The operation of suturing the cervix of the genital organ can be carried out in the following ways:

  • Suturing the external pharynx. IN medical practice A widely used method involves joining the posterior and anterior lips of the uterine pharynx using silk or kengut threads. However, suturing the reproductive organ in this way can negatively affect the course of pregnancy. The fact is that during the operation a closed space is formed, which can provoke an exacerbation of hidden infections. In addition, such suturing is considered ineffective if the expectant mother has a pathology such as.
  • Mechanical narrowing of the internal os of the reproductive organ. This method of suturing is most often used in medical practice, since it is considered the most favorable. The peculiarity of this operation lies in the fact that after it is performed, a hole for drainage is left in the cervical canal. Suturing of the cervix of the reproductive organ can be carried out according to MacDonald, that is, the woman is given a circular purse-string suture. Besides this surgical treatment often performed according to the method of Lyubimova and Mamedalieva.

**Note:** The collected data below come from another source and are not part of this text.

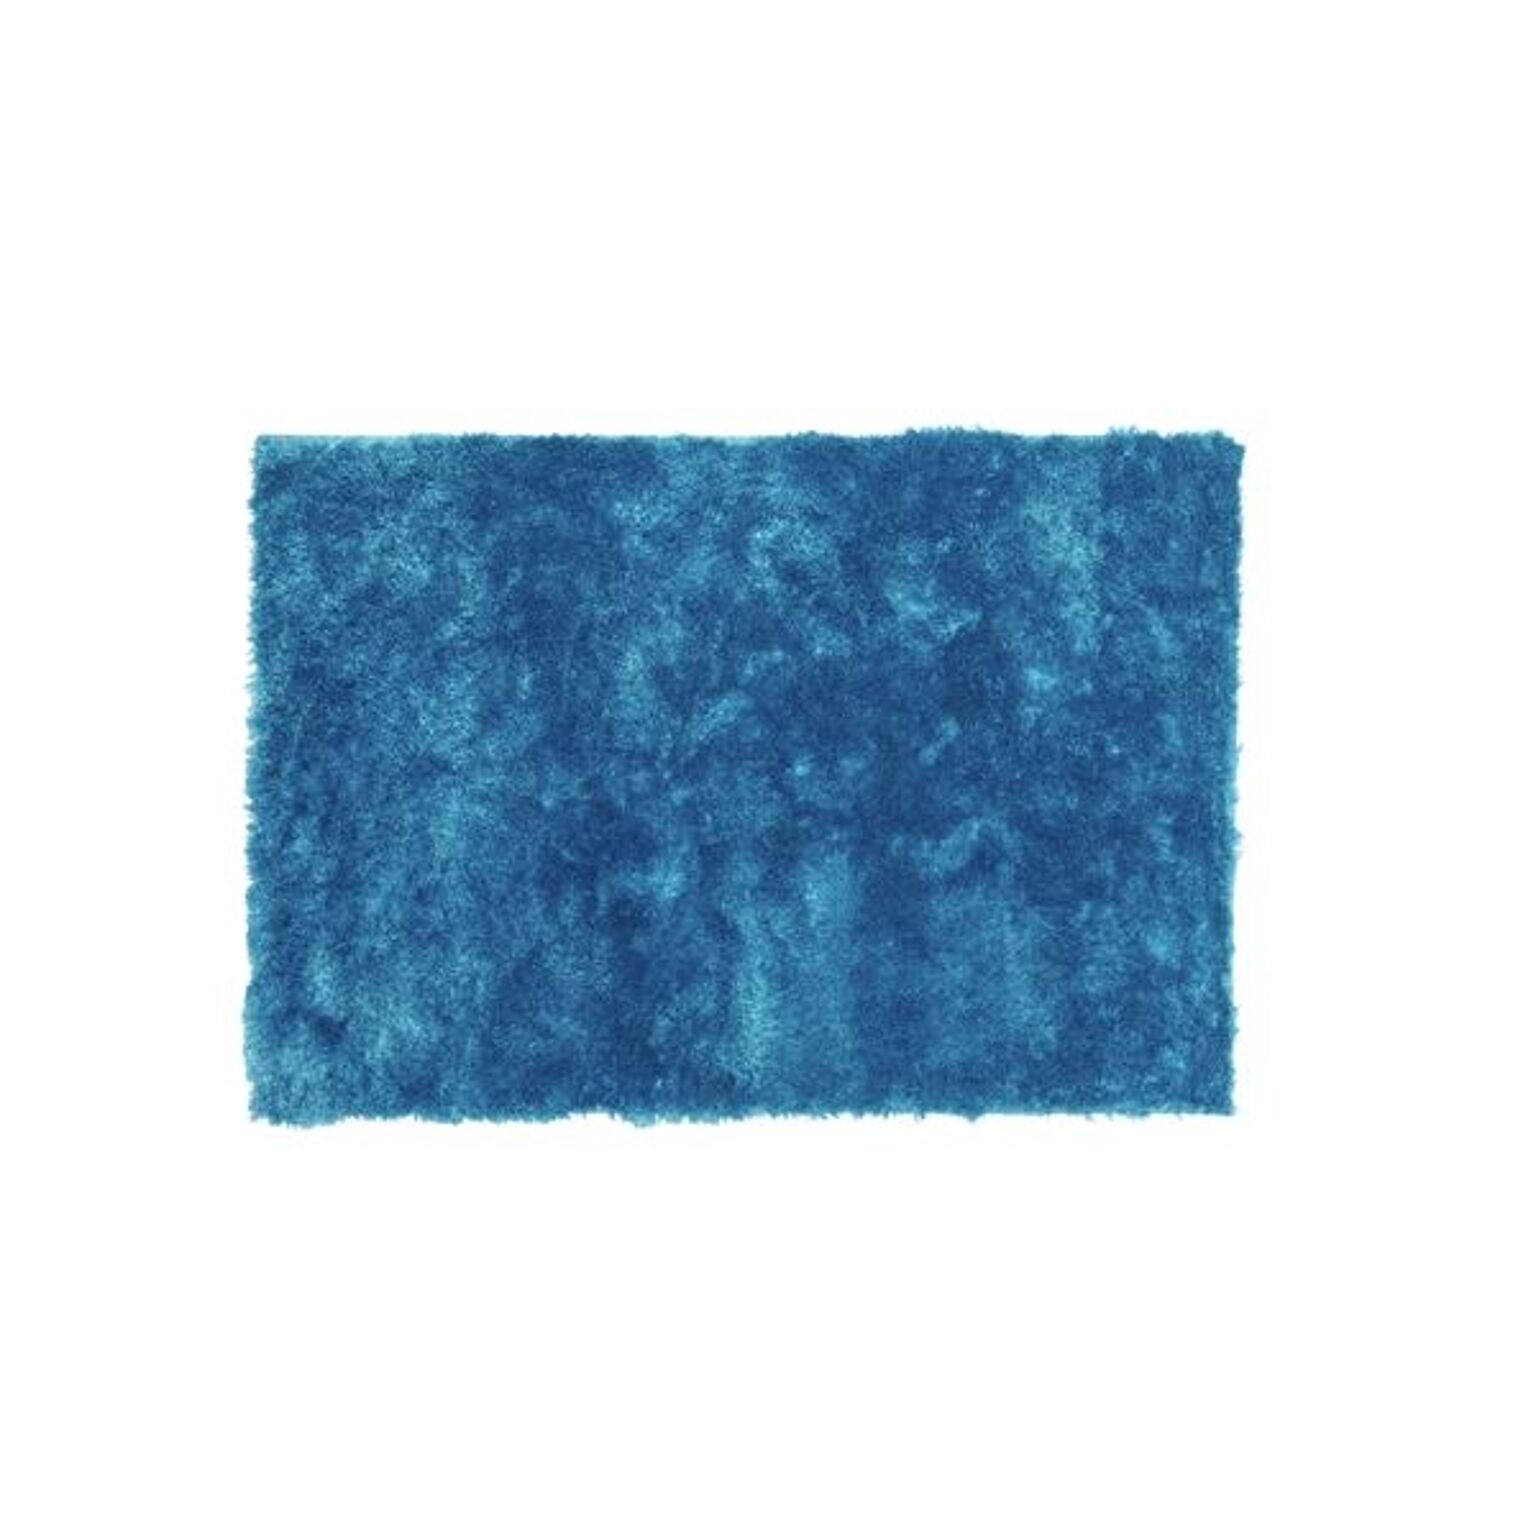 ラグマット 絨毯 90×130cm ブルー 長方形 裏面 防滑加工 シャギーラグマット リビング ダイニング ベッドルーム 寝室
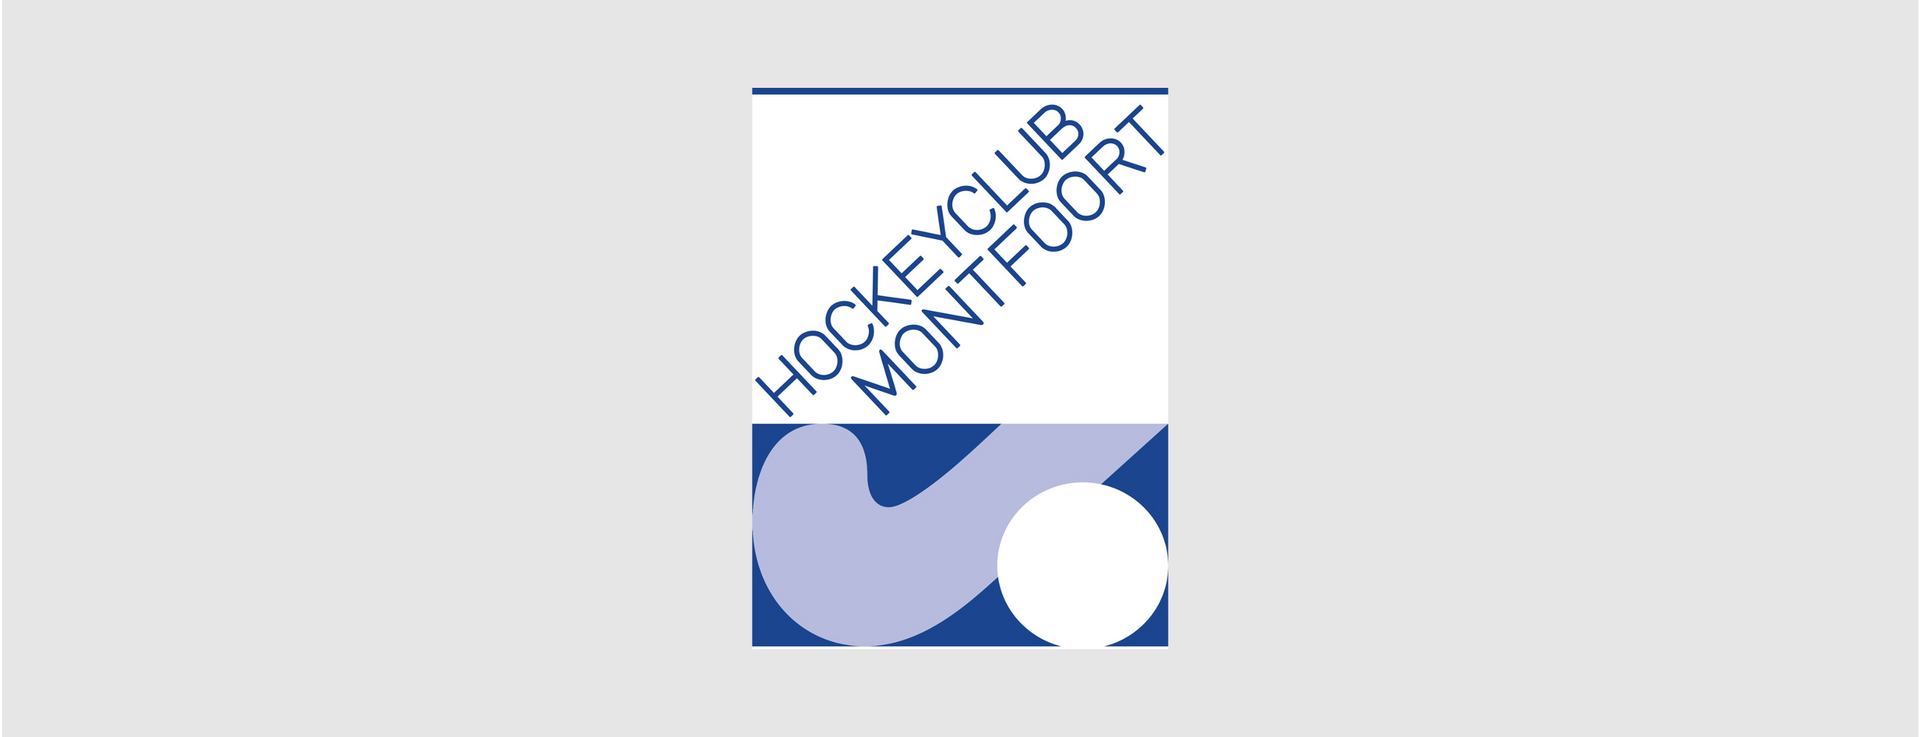 (c) Hockeyclubmontfoort.nl
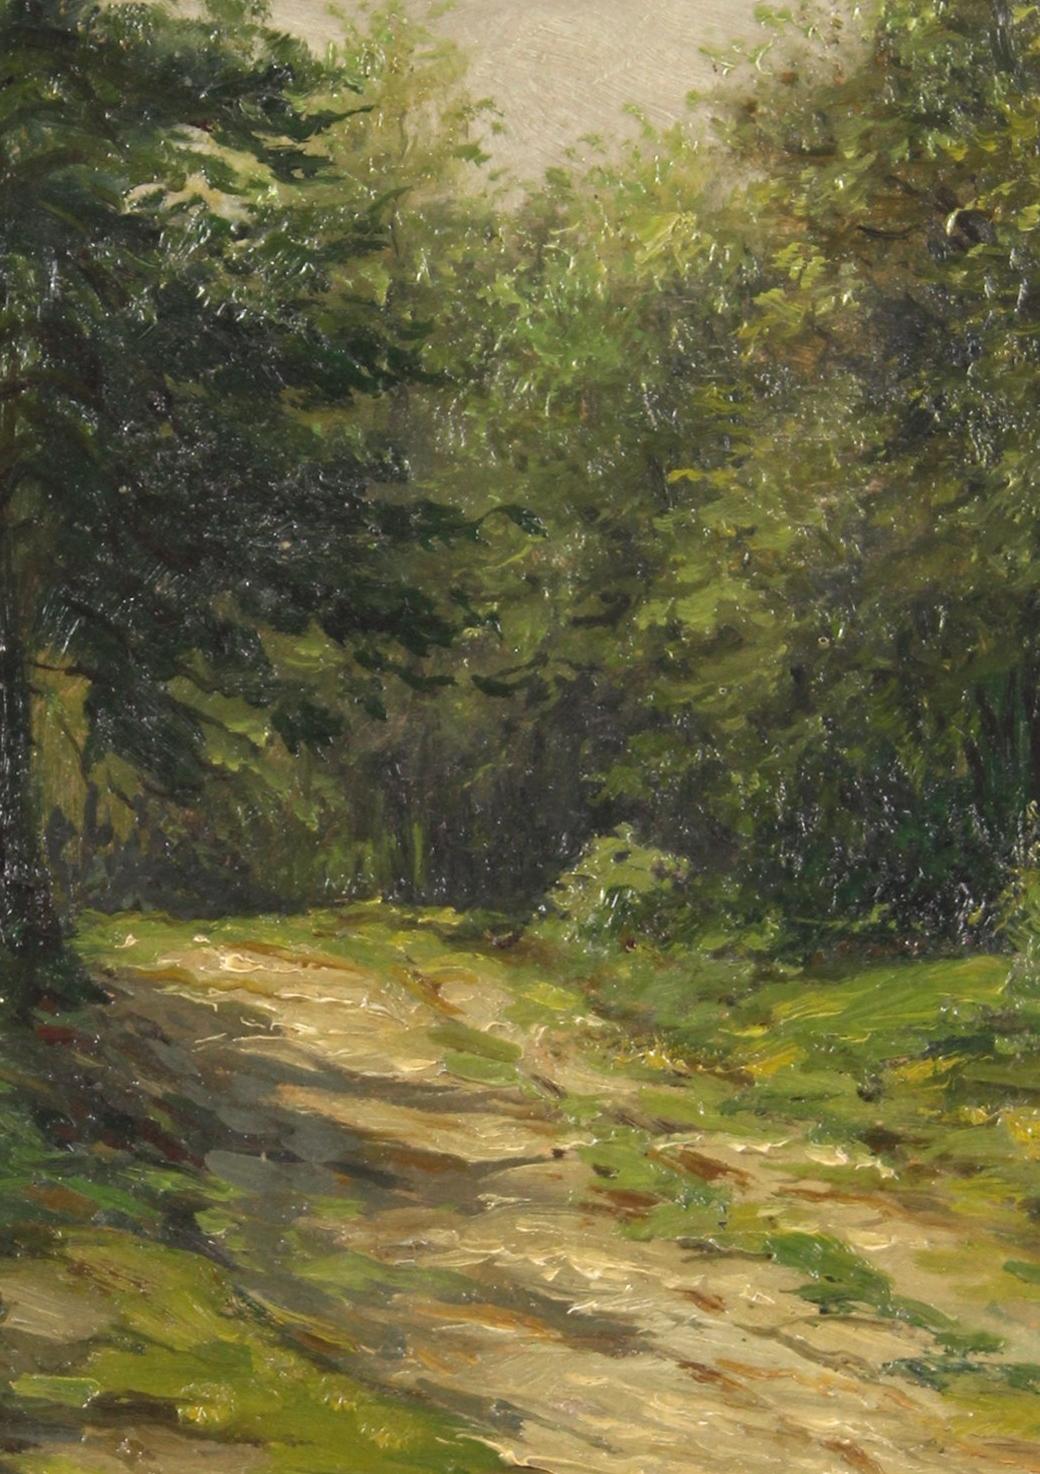 Chemin de bois ensoleillé - Un chemin de forêt aux couleurs vives comme un espace d'imagination - - Painting de Wilhelm Schütze
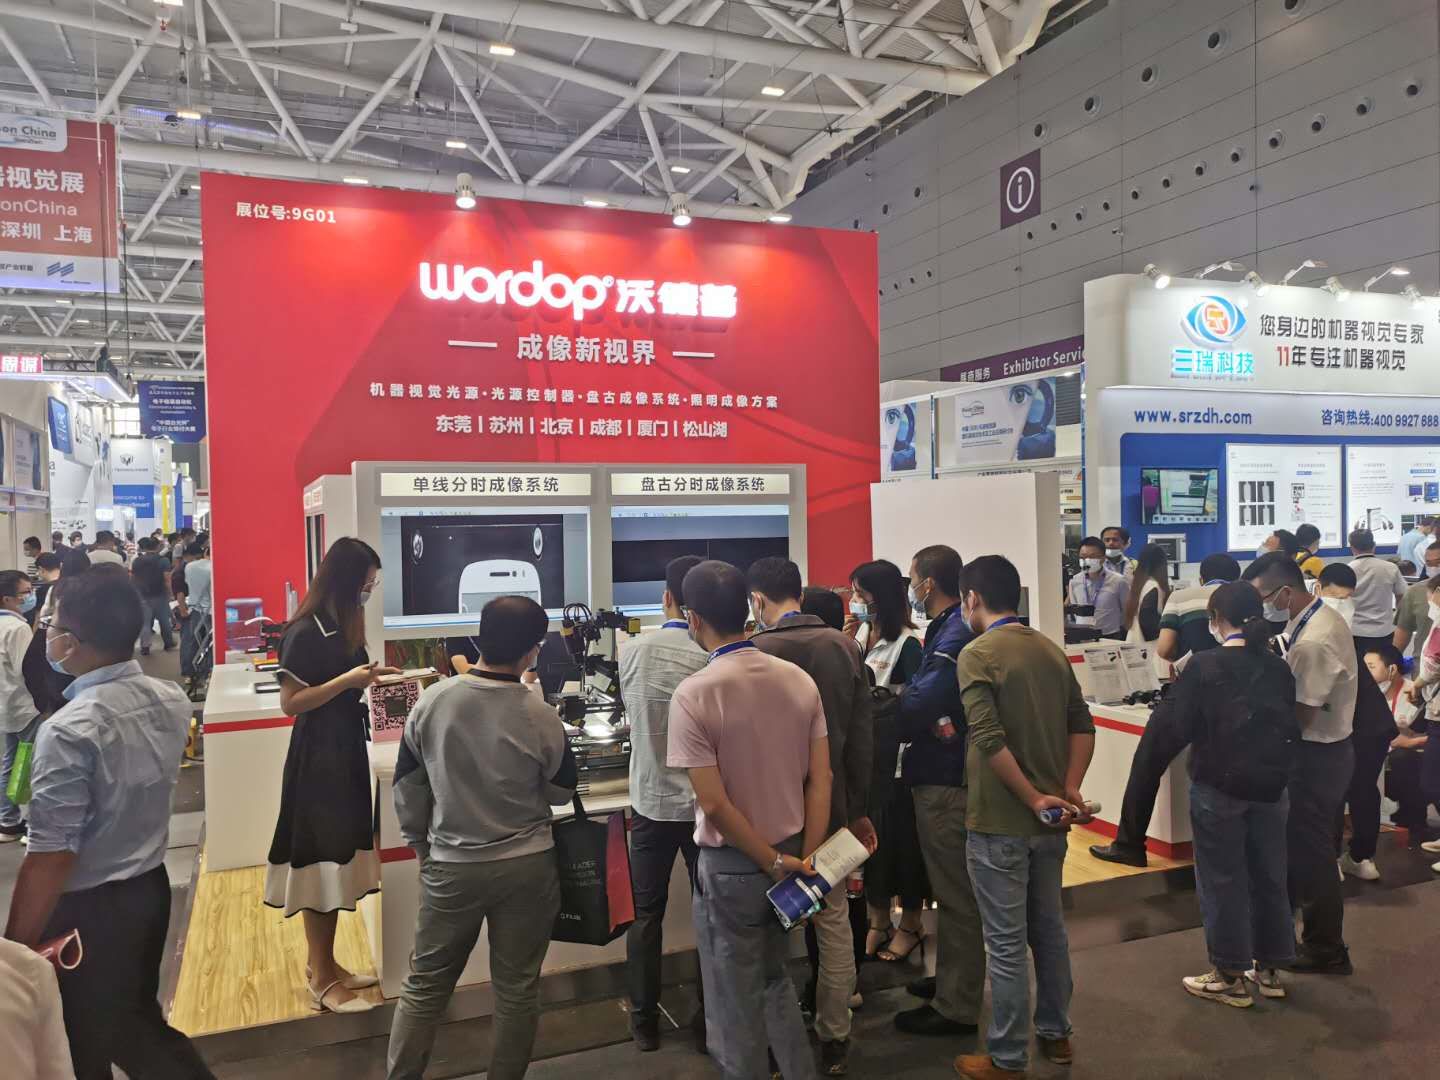 Wordop asiste a la exposición de visión artificial visionchina 2020

The suturing procedure lasts about 10-15 minutes, and during the procedure the patient is under anesthesia, so she is not in pain at all. After the operation, the patient may complain that the lower abdomen is severe, and small spotting, which usually disappear after a few days without special treatment.

Indications for suture removal

Prevention of ICN

If ICI is detected while expecting a child, then when planning your next pregnancy, you must definitely seek advice from a gynecologist. He examines the woman and, based on the results obtained, prescribes the patient necessary treatment.

When a woman is diagnosed with ICI, there is no need to be upset, since today such a pathology can be successfully treated. To do this, it is necessary to comply with the treatment regimen and maintain psychological attitude, which will allow you to carry your baby to term and have a successful birth. Caesarean birth is used for certain indications and is considered quite complex operation. For quick recovery You must follow all doctor’s recommendations and take care of yourself.

Many women claim that they were able to successfully carry their child to term while following all the doctor’s recommendations. Usually, with timely sutures, pregnancy ends successfully, but cases of its termination due to weakness of the uterine pharynx still occur.